Num dia cinzento e com chuva a prantear os telhados, alegadamente no outono da vida, a poetisa lembra-se de sua infância, reencarnando-a ali onde tudo começou, às proximidades do manancial do rio que a trouxe até os dias correntes – autêntico berço líquido onde espera depurar-se do estado pormenorizado, metaforicamente ominoso.

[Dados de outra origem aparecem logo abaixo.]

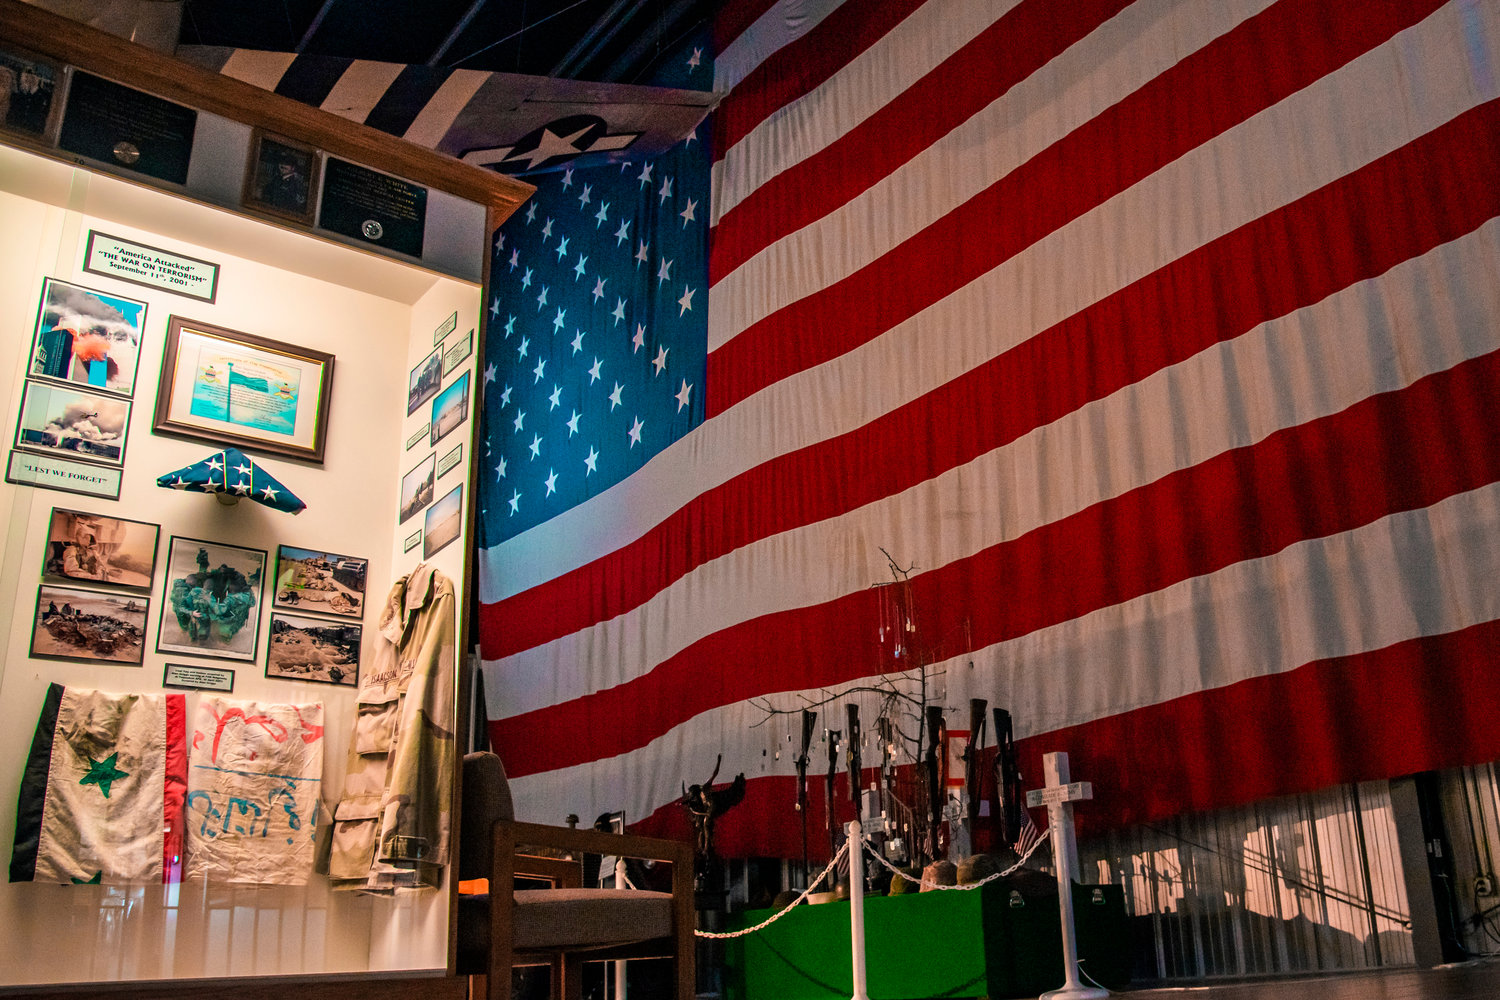 A display case which highlights details of September 11, 2001 is illuminated inside the Veterans Memorial Museum  in Chehalis as an American Flag sets the backdrop.

Repercutem na memória as ausências das pessoas com quem manteve contato próximo, cujas vozes metálicas ainda hoje ressoam em seus ouvidos: a chuva, portanto, amolda-se à necessidade de um renascer, de um novo despertar em meio à estação que, mais do que qualquer outra, retrata certa aura etérea de mistério e beleza, de nobreza de ideias e sentimentos.
J.A.R. – H.C.
Matilde Alba Swann
(1912-2000)
En este día de lluvia
Un gris limpio, monótono, inasible,
en este día de lluvia y cielo enfermo,
el corazón del agua está soñando
con bandadas de pájaros de vidrio,
y en la rama otoñal,
junta la ausencia, luces mojadas,
y voces de aluminio.
Hay como un gato gris
rondando en torno, así de blando,
así de ojo amarillo.
Es casi tarde, mi niñez descalza,
viene a buscarme por un largo río,
bajo un mar vertical deshilachado,
y un silencio de océano dormido.
Salgo a su encuentro, quedo de su mano,
me desnudo en su piel,
líquida cuna, vuelvo a mi antiguo manantial,
deshago, gota a gota, pausada, mansa, muerta.
Bajo un llanto de techos castigados,
somnolientos, reencarno, soy de lluvia.
Sob a chuva
(Franz Marc: pintor alemão)
Neste dia de chuva
Um cinza limpo, monótono, inapreensível,
neste dia de chuva e céu enfermo,
o coração da água está sonhando
com bandos de pássaros de vidro,
e, no ramo outonal,
juntam-se a ausência, luzes úmidas
e vozes de alumínio.
Há como que um gato cinza
pairando ao redor, assim tão brando,
assim tão amarelo nos olhos.
É quase tarde, minha infância descalça
vem à minha procura por um longo rio,
sob um mar vertical desgastado
e um silêncio de oceano adormecido.
Saio ao seu encontro, seguro a sua mão,
dispo-me em sua pele,
berço líquido, volto ao meu antigo manancial,
desfaço-me, gota a gota, morosa, mansa, morta.
Sob um pranto de tetos castigados,
sonolentos, reencarno, sou de chuva.
Referência:
SWANN, Matilde Alba. En este día de
lluvia. In: Diario de Colima. Diario Mujer. Colima, MX, año 12, n. 610;
miércoles, 28 dic. 2005; p. 1. Disponível neste endereço. Acesso em: 25 fev. 2021.